TASK PROMPT: From the line that holds "The sunrise of" down to the last line of the listing below, reproduce each line exactly and nothing more, omitting pictures.

GIVEN INFORMATION:
== Segment start ==

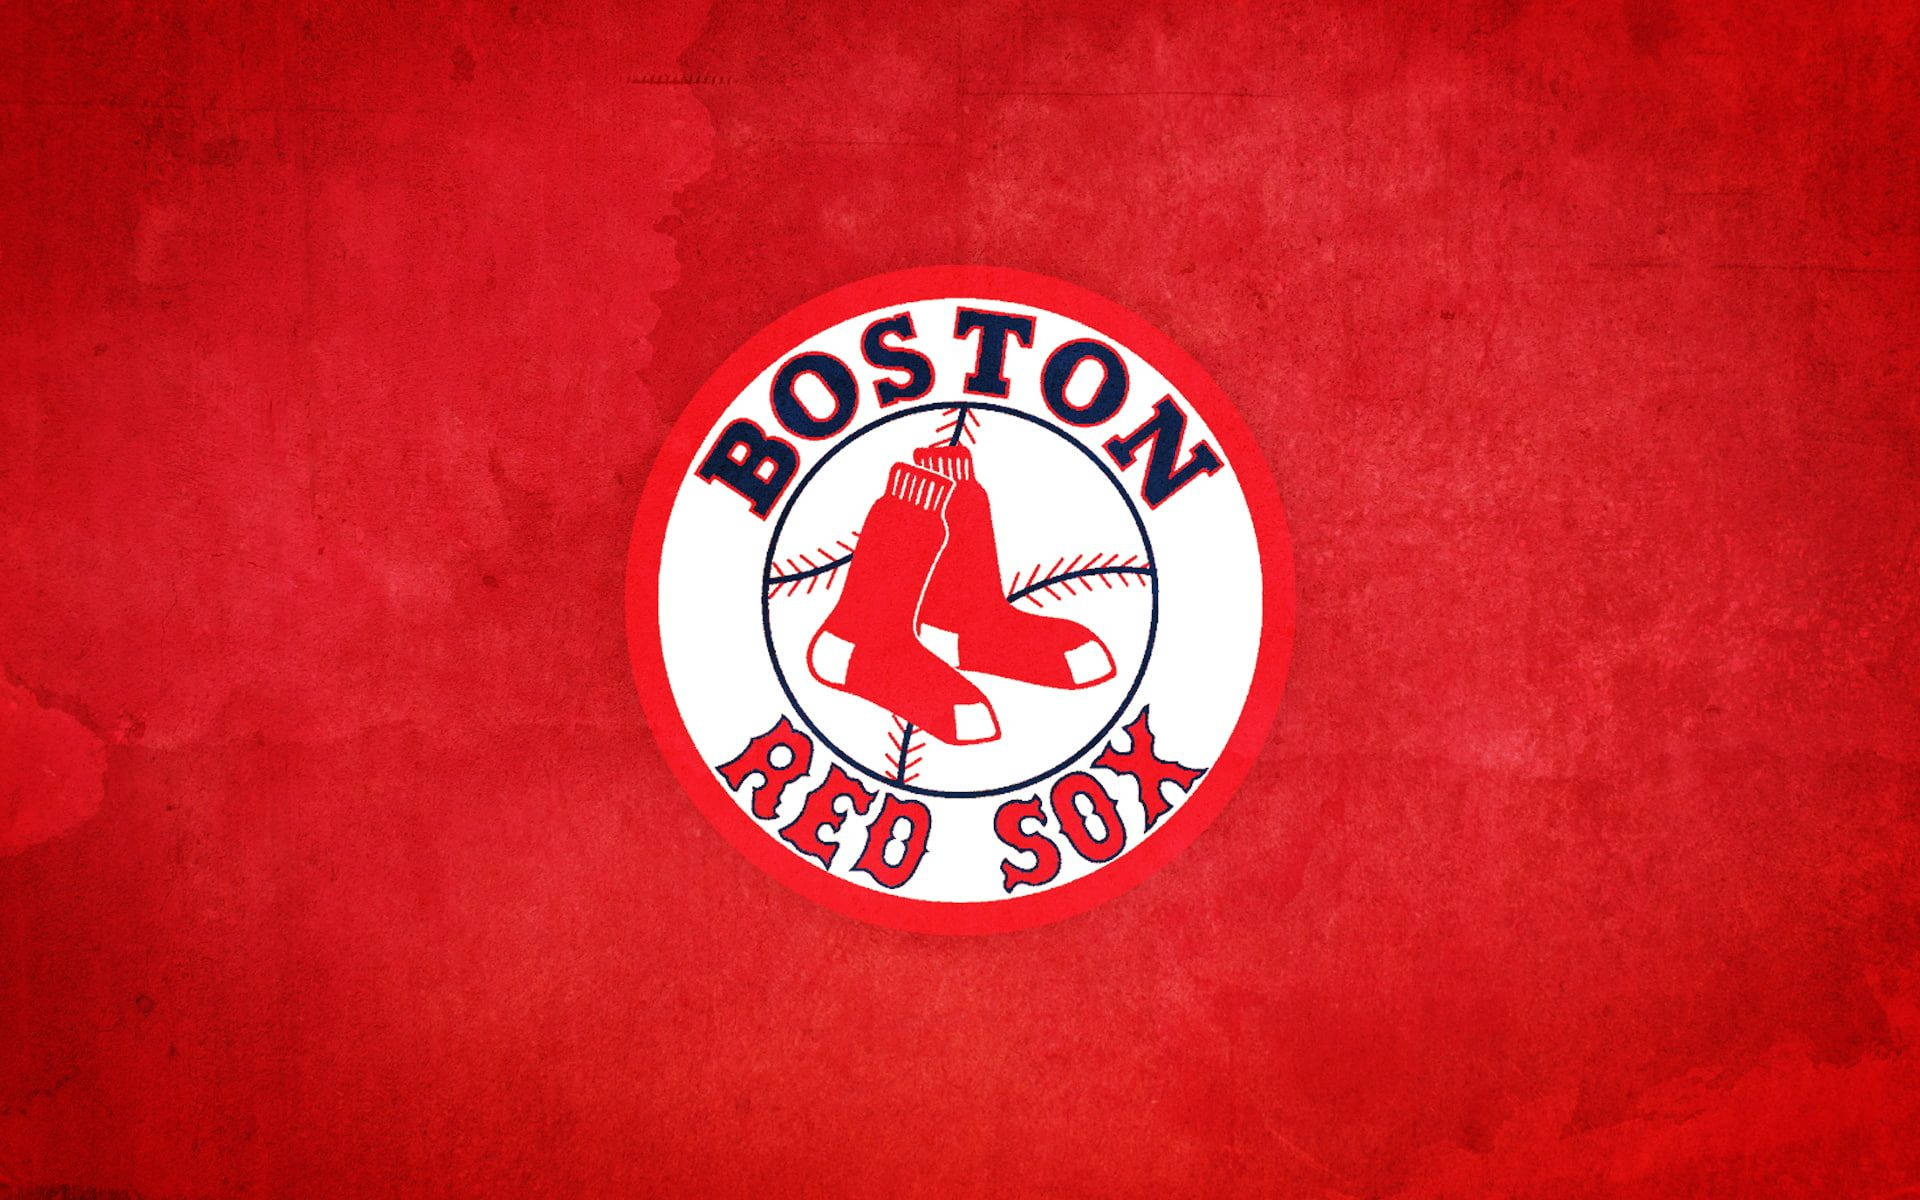 Boston Red Sox Fiery Color Wallpaper
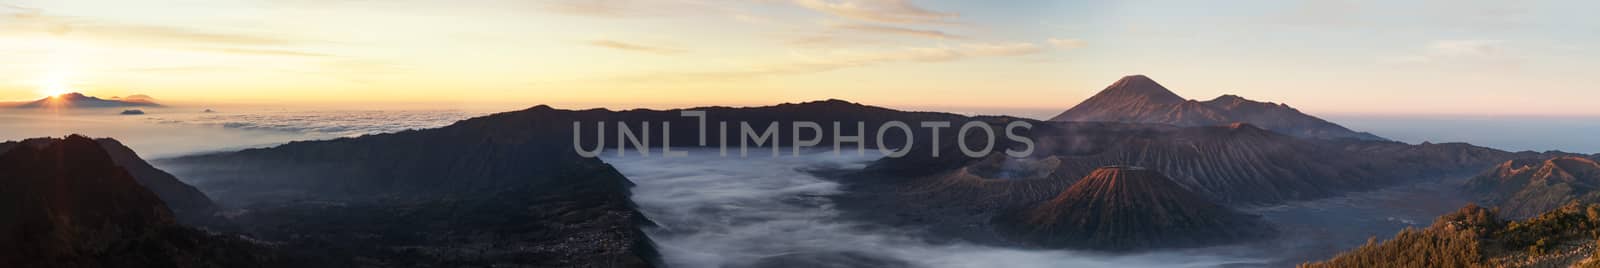 The sunrise of the Bromo volcano, Shot in Java, indunesia by vinkfan
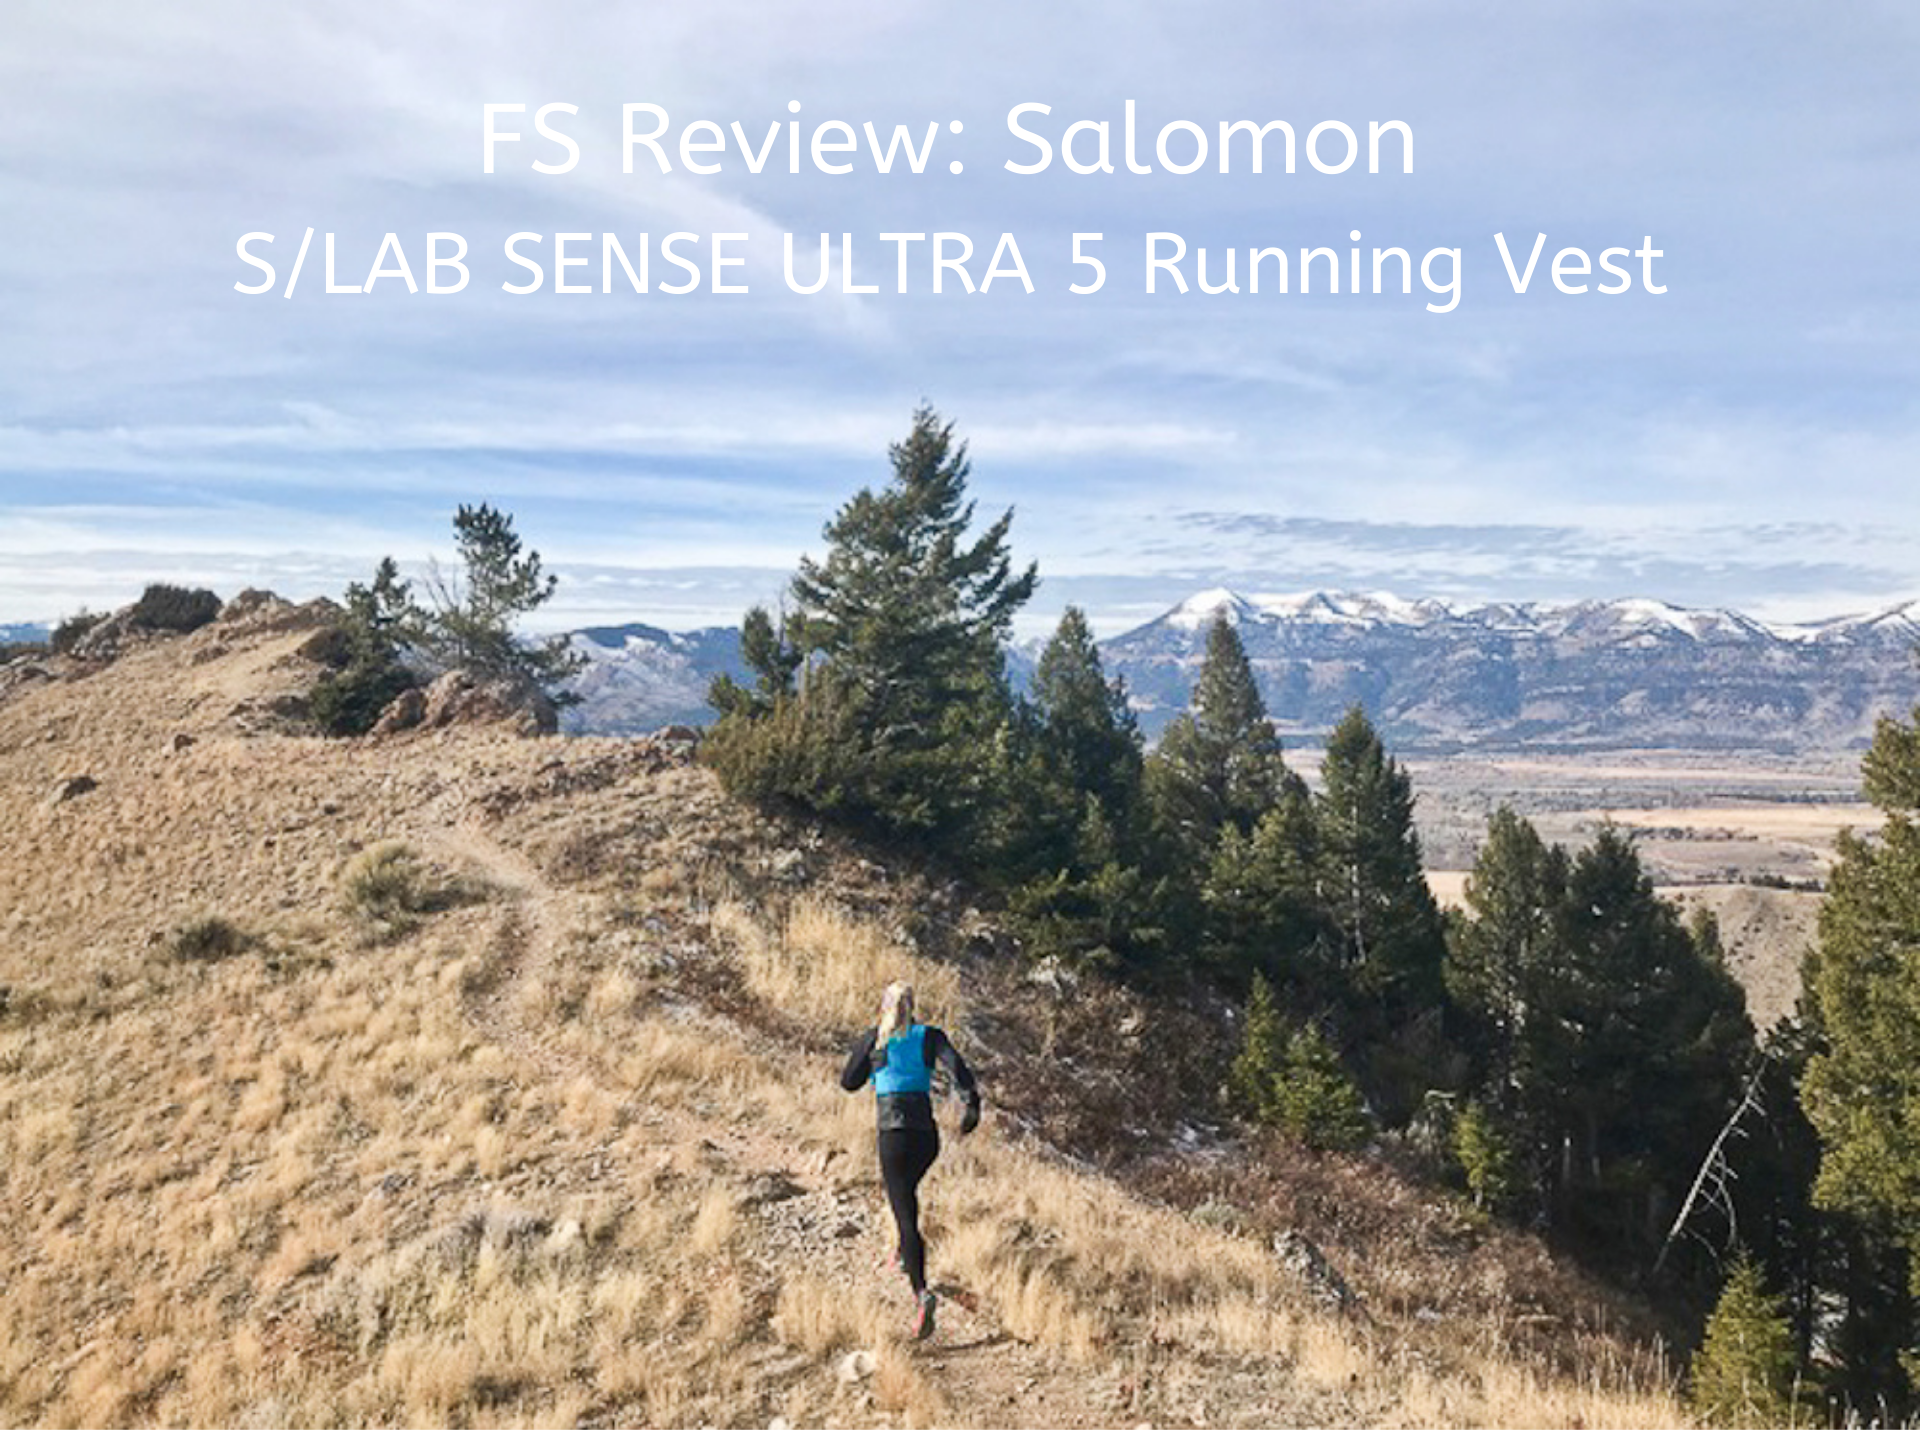 https://fasterskier.com/wp-content/blogs.dir/1/files/2019/11/FS-Review_-Salomon-S_LAB-SENSE-ULTRA-5-Running-Vest.png

== Segment end ==

TASK RESULT:
 The sunrise of the Bromo volcano, Shot in Java, indunesia by vinkfan
 https://fasterskier.com/wp-content/blogs.dir/1/files/2019/11/FS-Review_-Salomon-S_LAB-SENSE-ULTRA-5-Running-Vest.png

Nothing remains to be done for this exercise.